> [To do]: For this exercise, transcribe every line of the material exactly and skip the pictures.

> [Collected data]:

┄┄┄┄┄┄┄┄┄┄┄┄┄┄┄┄┄┄┄┄

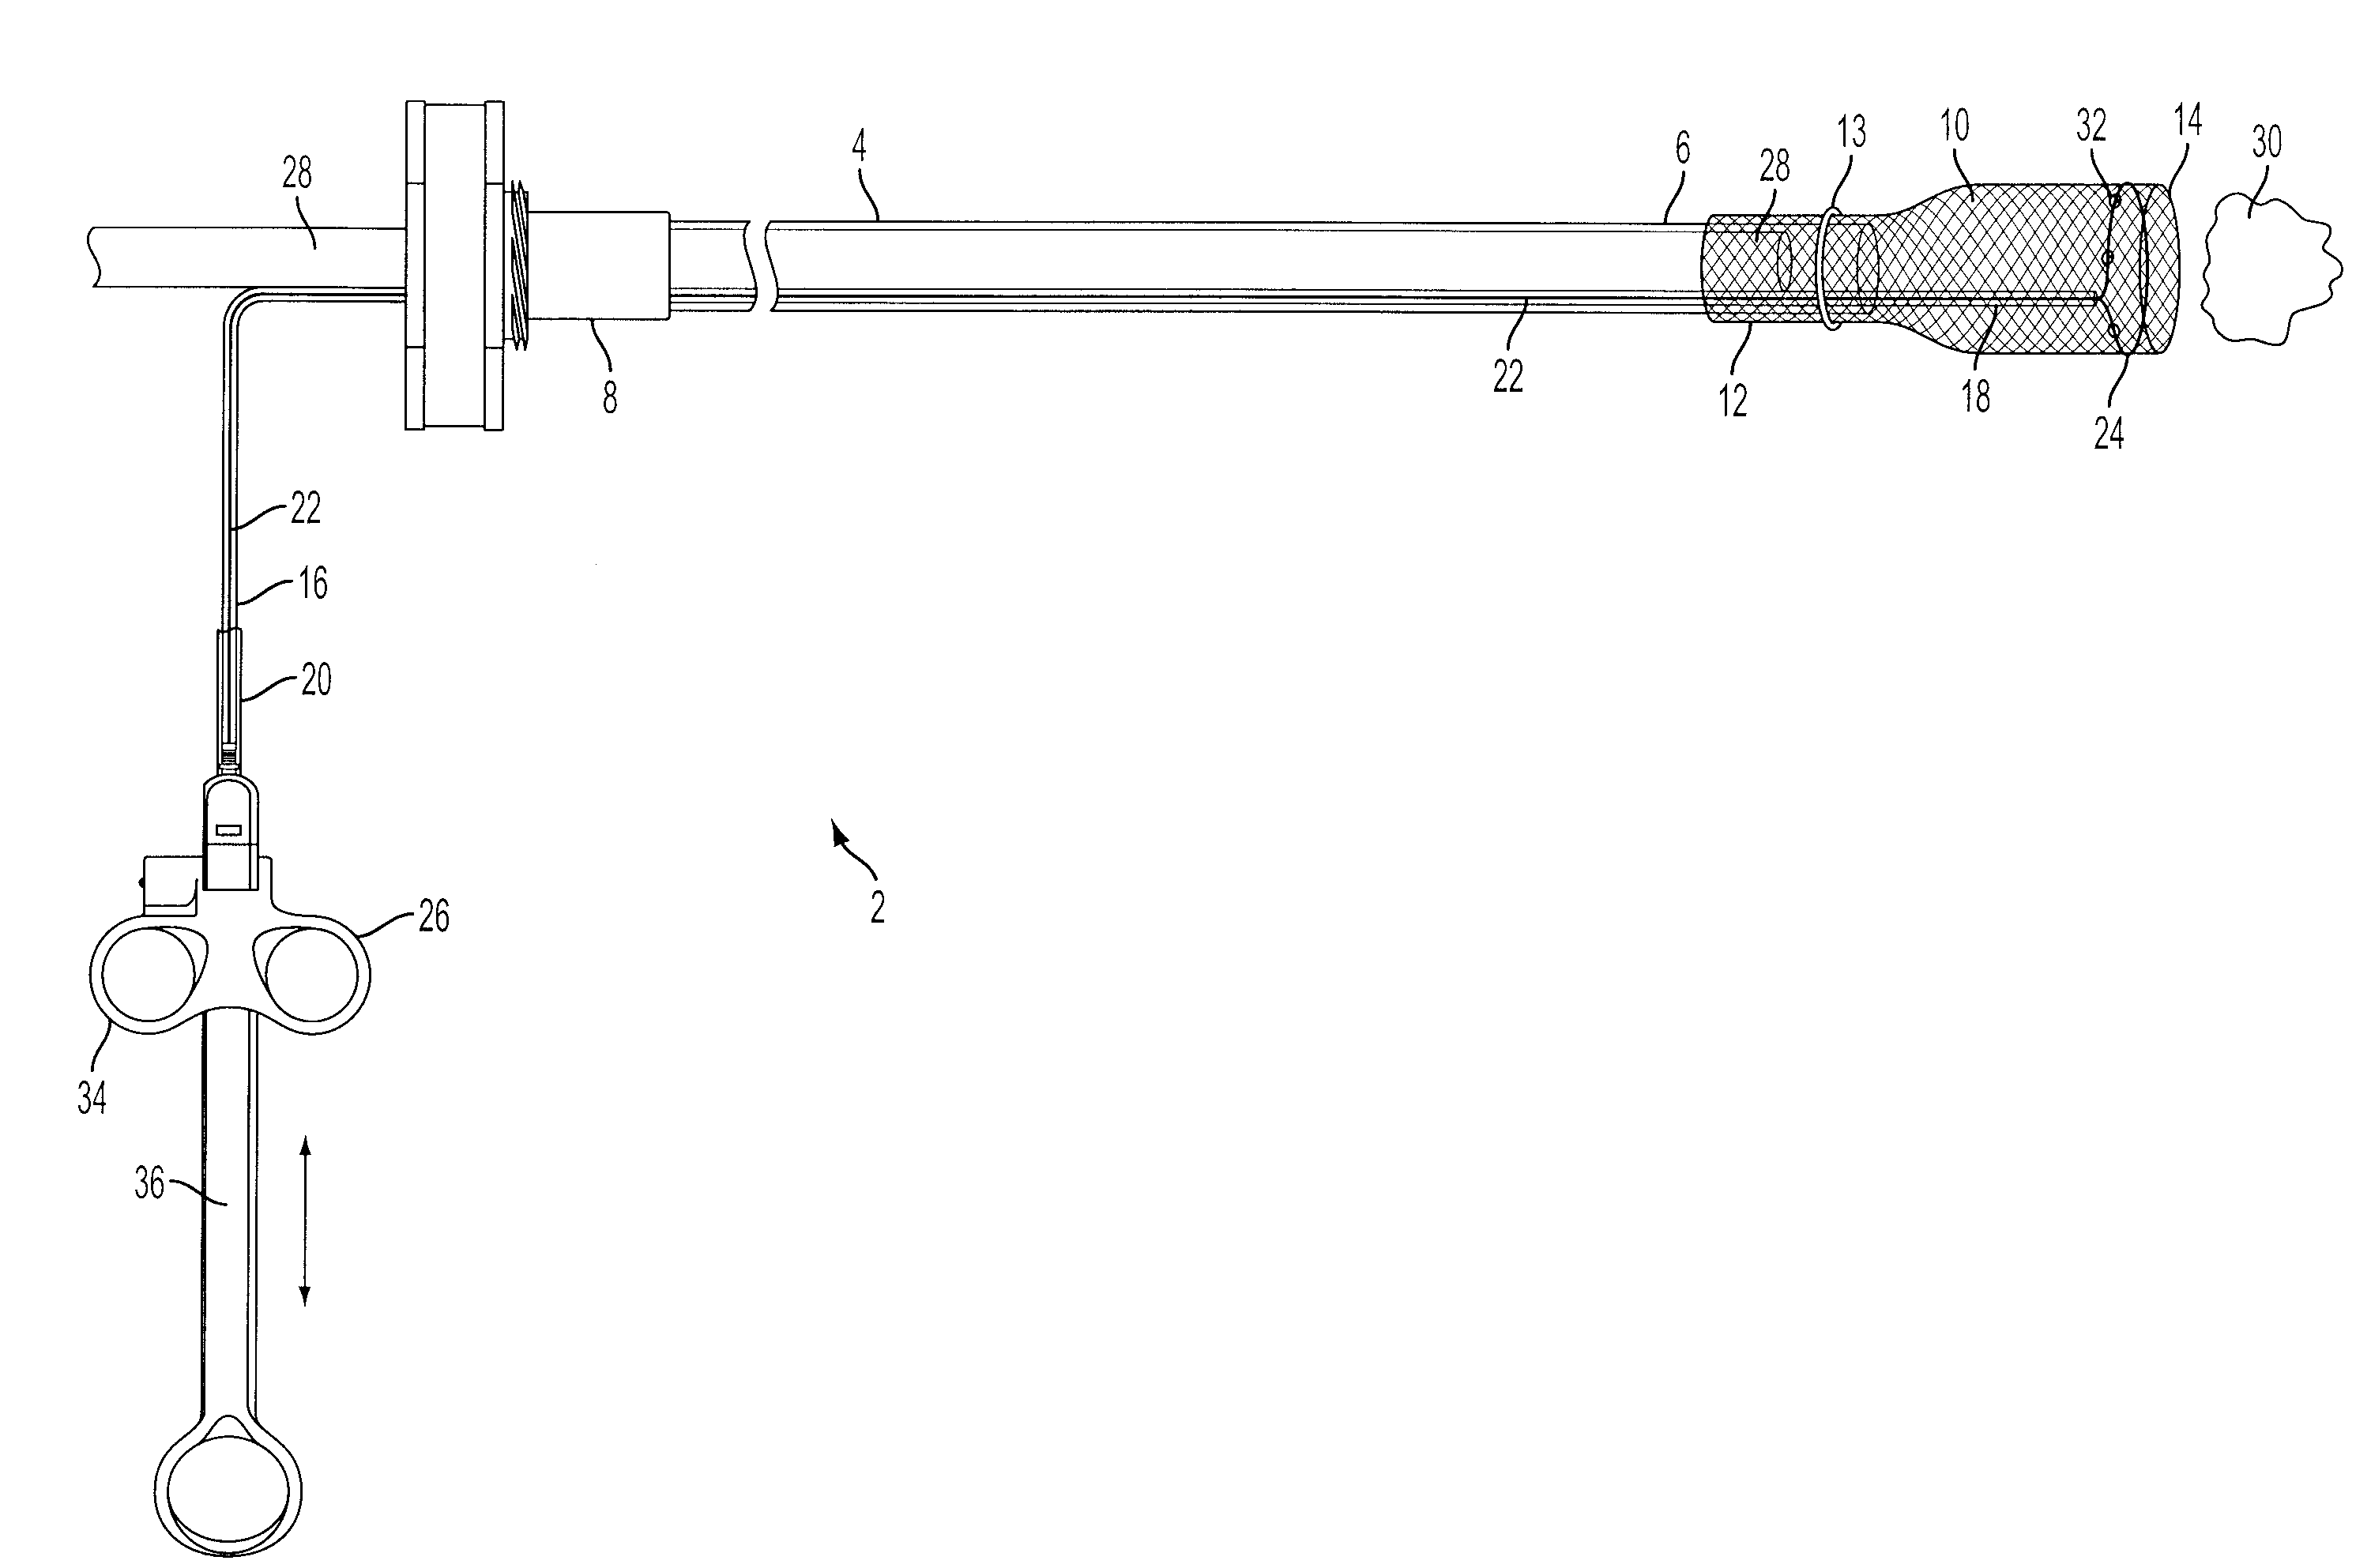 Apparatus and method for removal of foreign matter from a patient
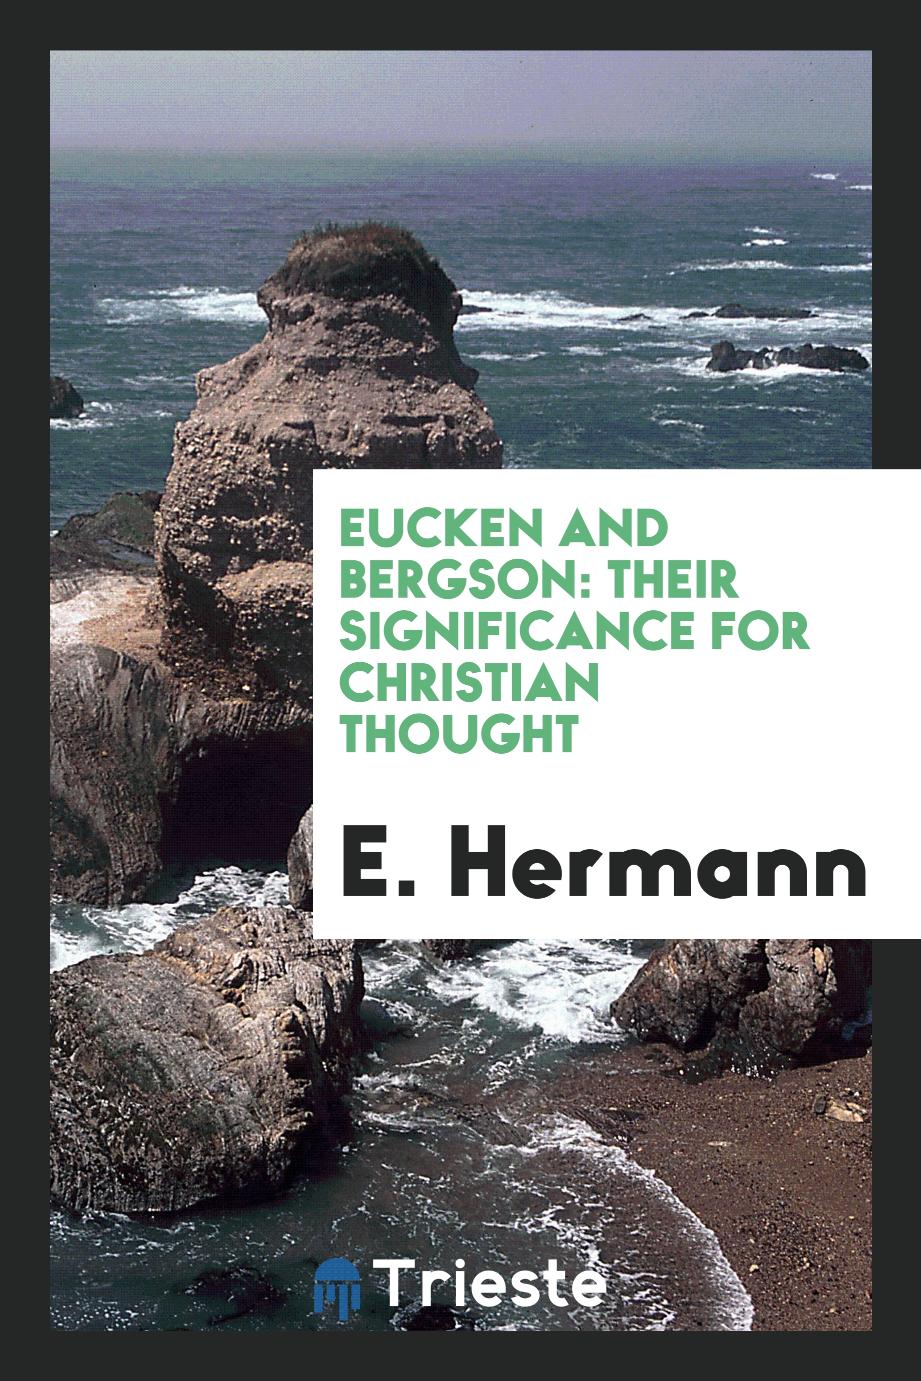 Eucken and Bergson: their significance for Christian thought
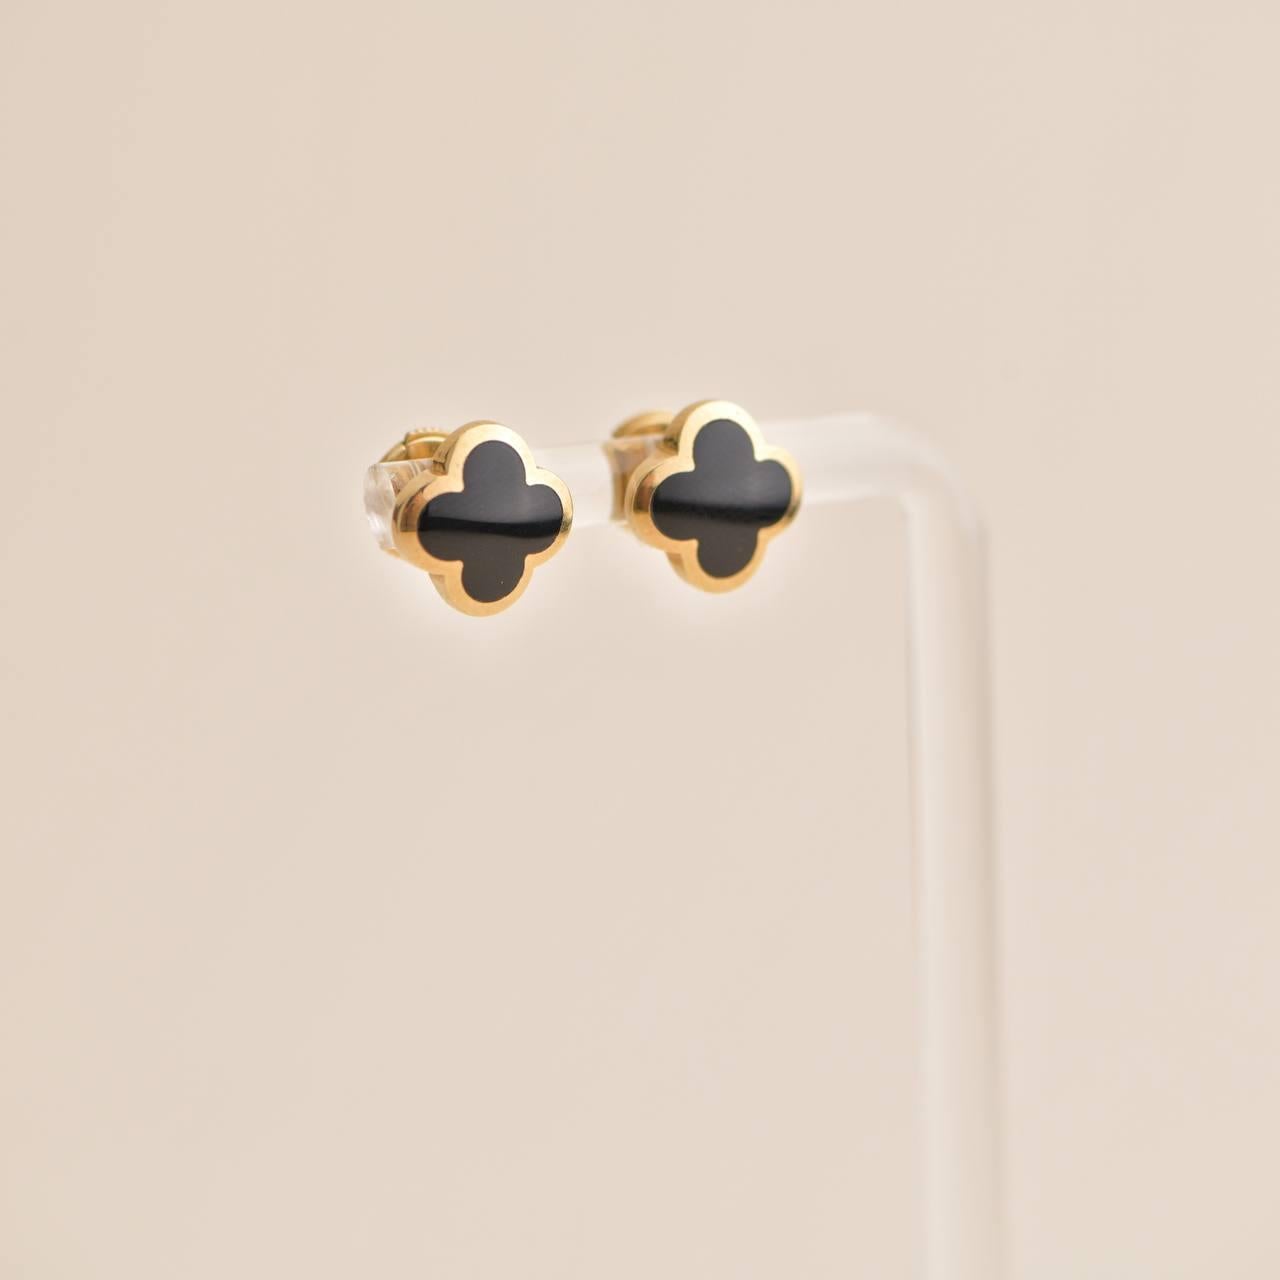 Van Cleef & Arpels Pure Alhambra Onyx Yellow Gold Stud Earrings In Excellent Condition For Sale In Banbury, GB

┄┄┄┄┄┄┄┄┄┄┄┄┄┄┄┄┄┄┄┄

> [Reply]:
 Apparatus and method for removal of foreign matter from a patient
 Eucken and Bergson: their significance for Christian thought
 Van Cleef & Arpels Pure Alhambra Onyx Yellow Gold Stud Earrings In Excellent Condition For Sale In Banbury, GB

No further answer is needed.